Rather than a biological difference from ethnic ancestry, our findings may instead reflect the idea that the current definition of MGUS, particularly for the light-chain isotype, may not be capturing a true monoclonal precursor state. The definition for light-chain MGUS is based on an “abnormal” free-light-chain ratio. The median free light chain ratio for individuals with κ light-chain MGUS by standard criteria in Eswatini was 1.83 (IQR = 1.74-1.97), which was only minimally above the “normal” laboratory reference of 1.65. The values for an “abnormal” free light chain ratio and assumed clonality are based on Olmsted County data (7), and it is possible that different populations may require different reference values for free light chain ratios to reflect clonality. This idea is further supported by the substantial reduction in light-chain cases when using the Icelandic revised criteria for light-chain MGUS. Free light chain ratios may be confounded by factors unrelated to clonality, such as chronic inflammation.
We found that only people living with HIV and not currently on ART had significant odds of having MGUS. Three explanations are suggested. First, perhaps individuals with treated HIV have functional immune systems resembling their HIV-negative counterparts and thus have adequate tumor surveillance to control aberrant plasma cells. In that case, we would expect viral load suppression and CD4+ cell counts to have an analogous relationship to ART and MGUS; however, similar to the findings reported by Genet et al. (18), we did not find a significant association between CD4+ cell count or viral load suppression and MGUS. It should be noted, though, that the number of HIV-positive individuals included in this study may have limited the ability to show significant associations. Second, it is possible that ART directly affects the plasma cell clone because preclinical models have demonstrated that protease inhibitors have antimyeloma cell line effects (19). Moreover, more than half of participants with MGUS and HIV have previously been shown to have a decrease in monoclonal protein concentration after initiation of ART (20), and HIV-positive patients with MGUS have been previously found to be 2.7 times less likely to progress to hematologic malignancies than their HIV-negative counterparts (9). Finally, chronic inflammation, such as in the setting of HIV infection, may confound the free light chain ratio. In other words, current diagnostic criteria for light-chain MGUS may detect monotypic rather than monoclonal gammopathies related to chronic B-cell activation in the setting of viral infection. We found a trend in the association between HIV infection and light-chain, but not conventional, MGUS supporting this possibility, although subgroups were not adequately powered to detect significance.

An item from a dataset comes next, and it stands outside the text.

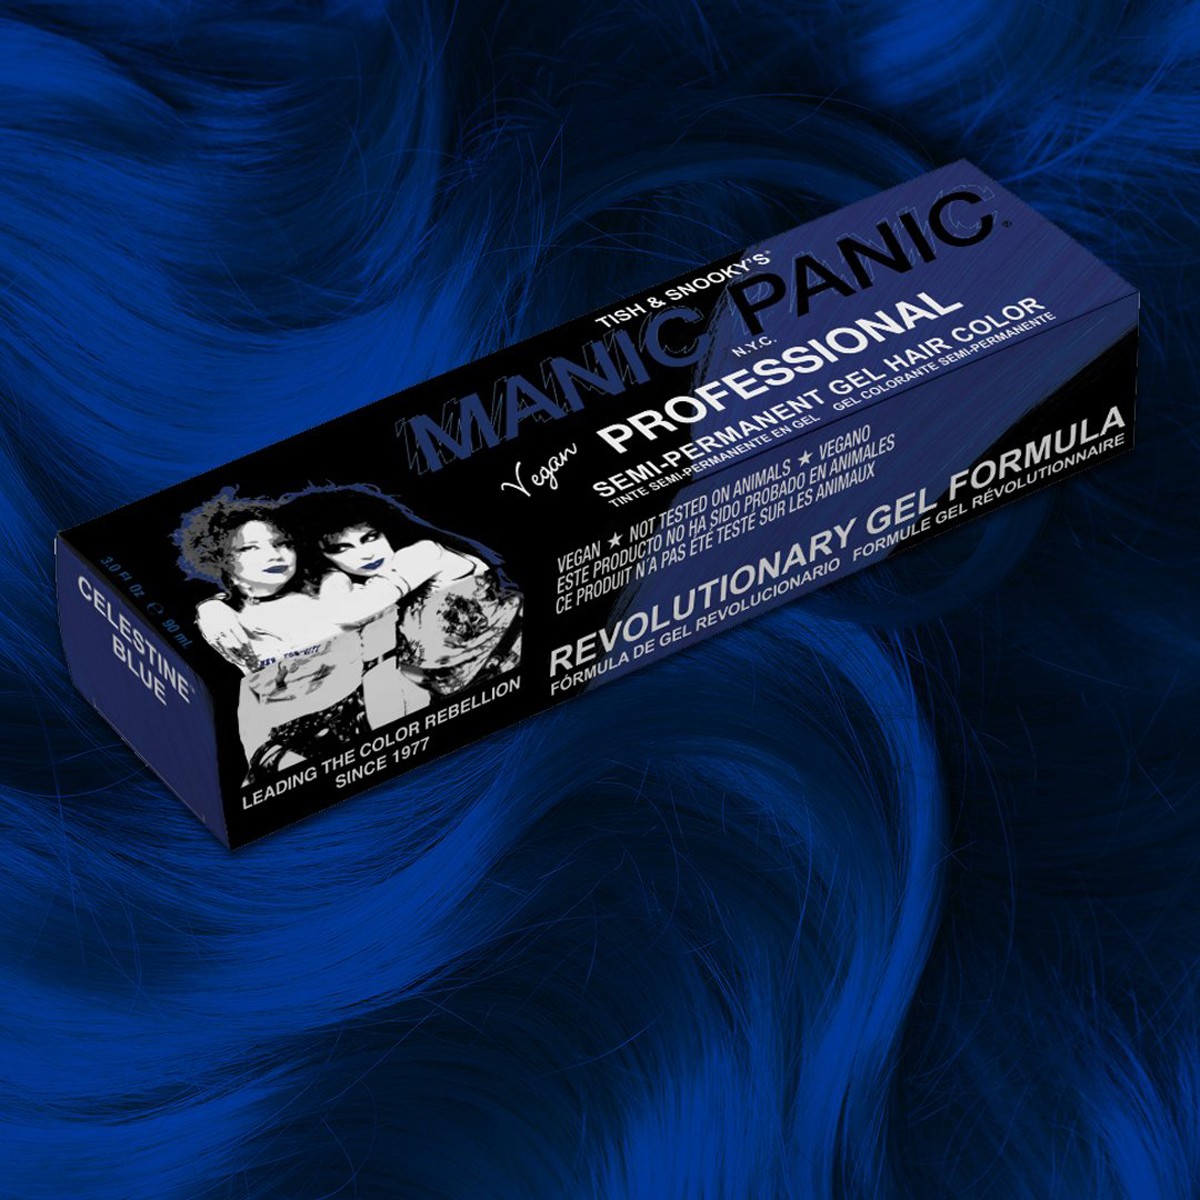 Manic Panic Profesyonel Celestine Blue Jel Saç Boyası J03

The prospect that cases defined by standard criteria here as light-chain MGUS do not, in reality, reflect a clonal precursor state is further suggested by the isotype subgroup analysis. For example, it is well established that both age and male sex are risk factors for MGUS (6,7), and we would therefore expect a higher prevalence associated with these factors if a monoclonal precursor state were captured here. However, we found that only conventional MGUS, but not light-chain MGUS, significantly increased with age; in addition, conventional MGUS, but not light-chain MGUS, trended toward increased prevalence with male sex. It is important to note, however, that such risk factors have been validated only within studies of largely White populations. Caution should be taken in drawing any conclusions from the subgroup analyses reported here, though, because the sample sizes were small and not adequately powered to determine these relationships with confidence.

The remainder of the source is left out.